**GIVEN INFORMATION**.
---

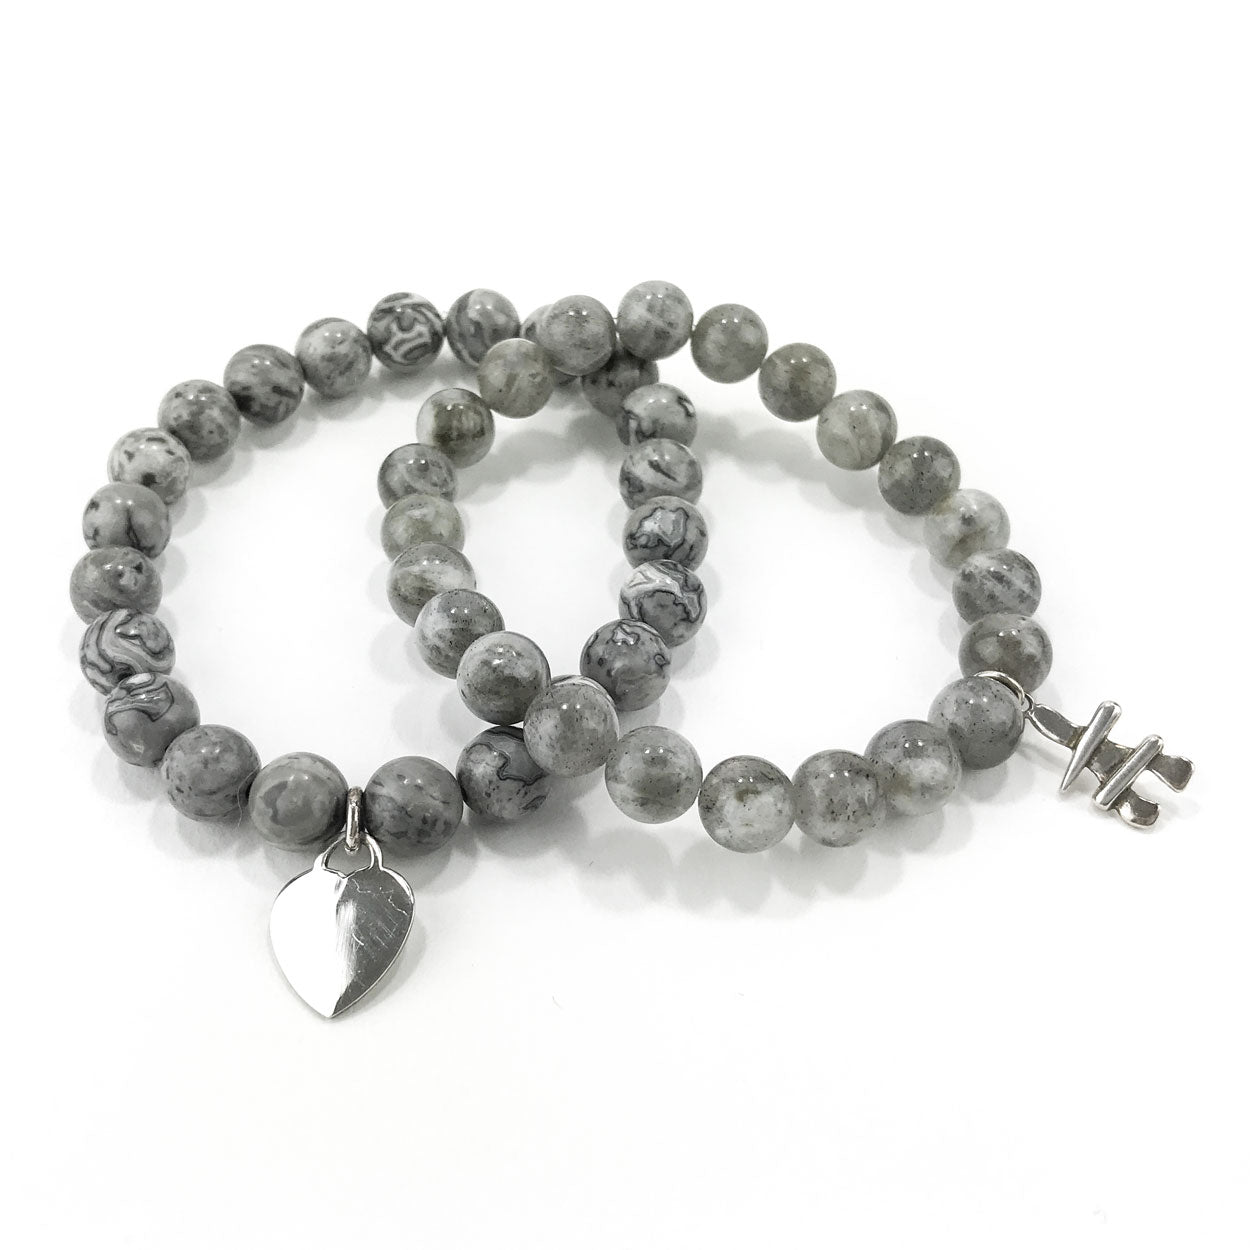 Stone Bracelet - Grey Quartz with Sterling Silver Inukshuk Charm
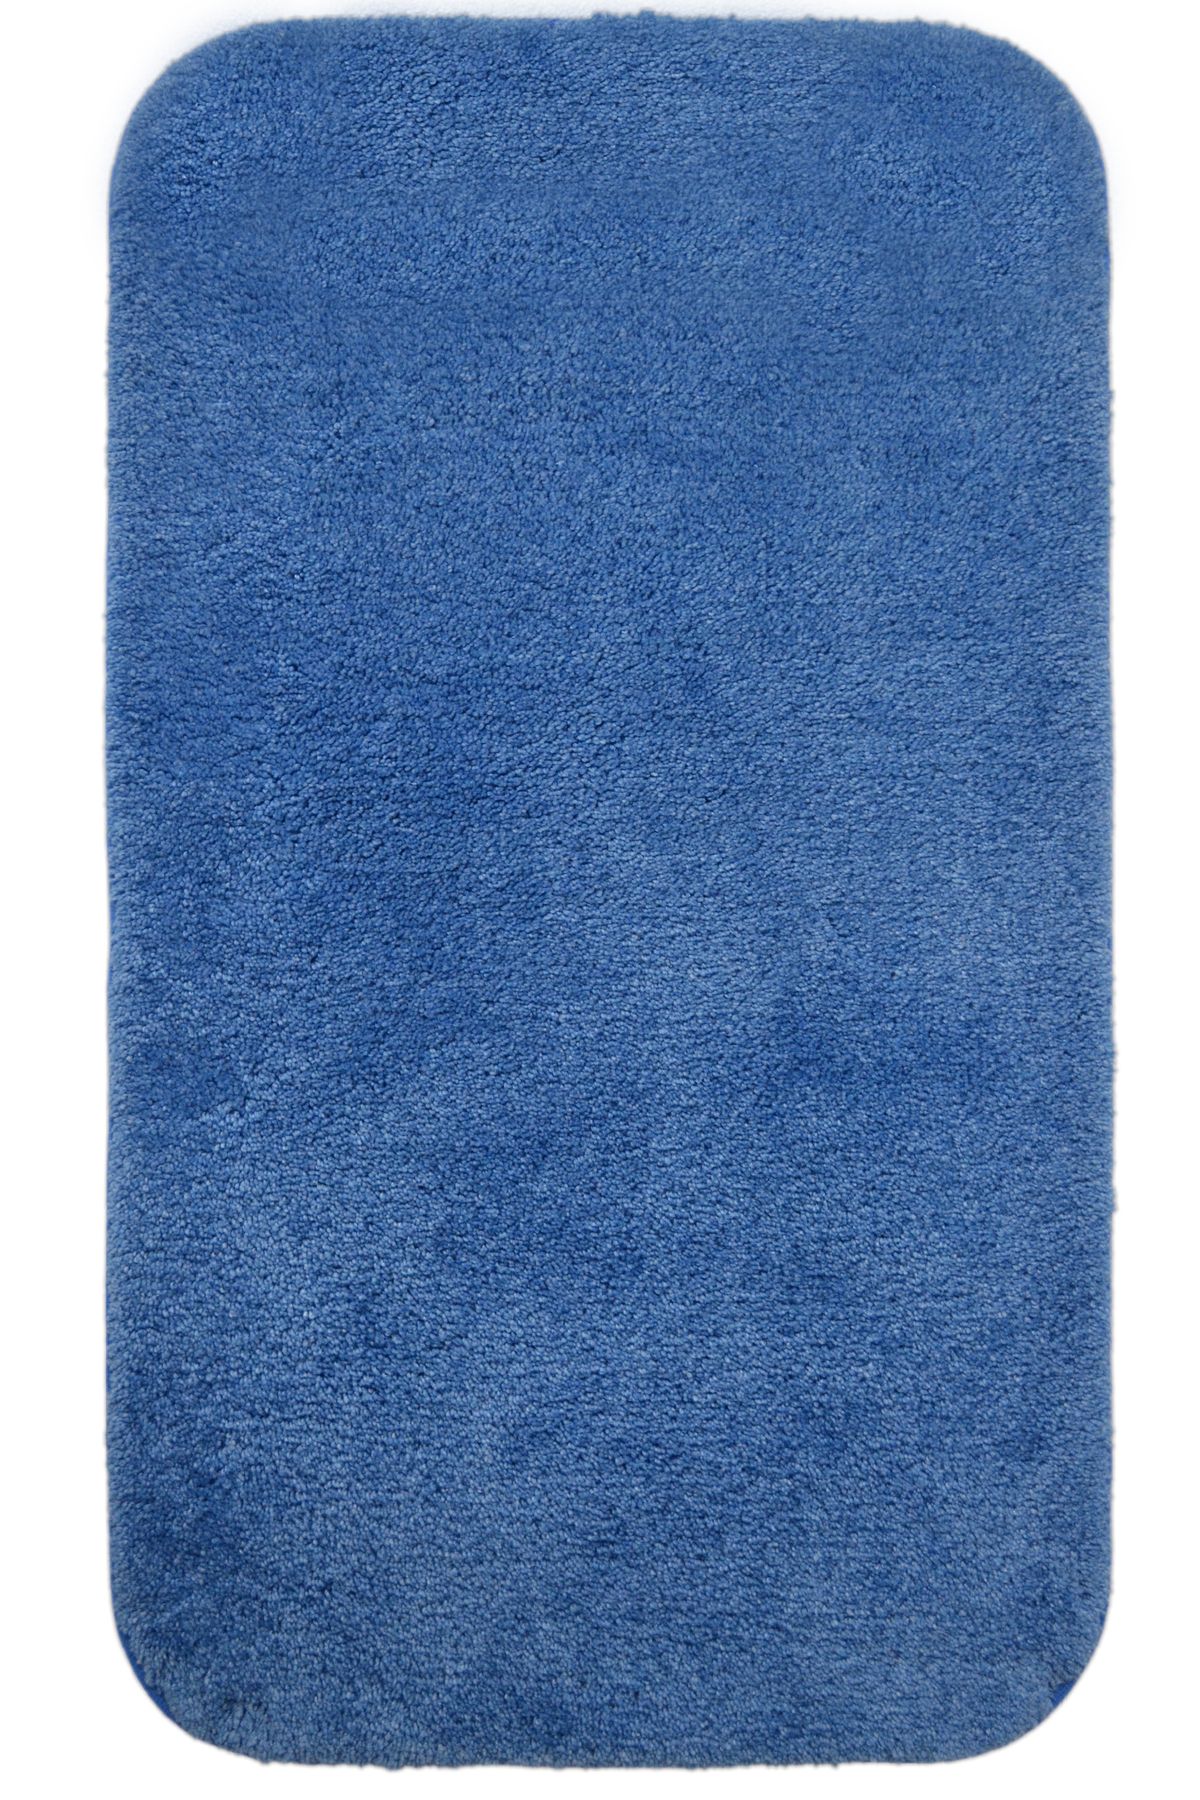 Confetti Atlanta Koyu Mavi Banyo Halısı 50x57
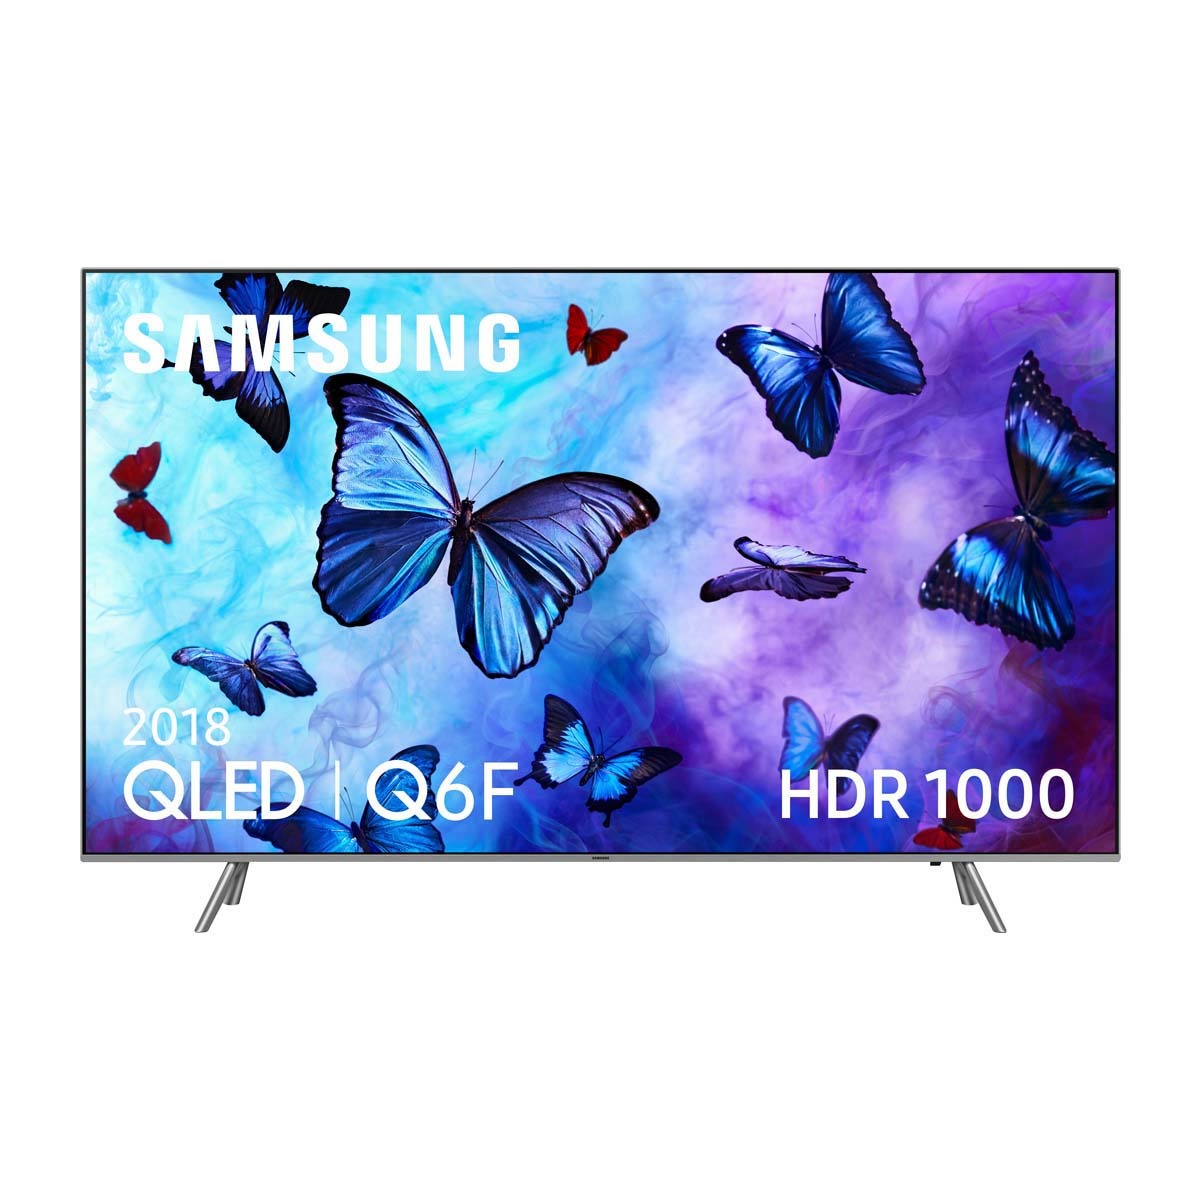 SAMSUNG TV QLED(65") Samsung QE65Q6FN 4K HDR Smart TV

---

**TASK DETAILS**.
Return the material exactly as it reads, though without the pictures it holds.

**WORKED SOLUTION**.
 Stone Bracelet - Grey Quartz with Sterling Silver Inukshuk Charm
 Confetti Atlanta Koyu Mavi Banyo Halısı 50x57
 SAMSUNG TV QLED(65") Samsung QE65Q6FN 4K HDR Smart TV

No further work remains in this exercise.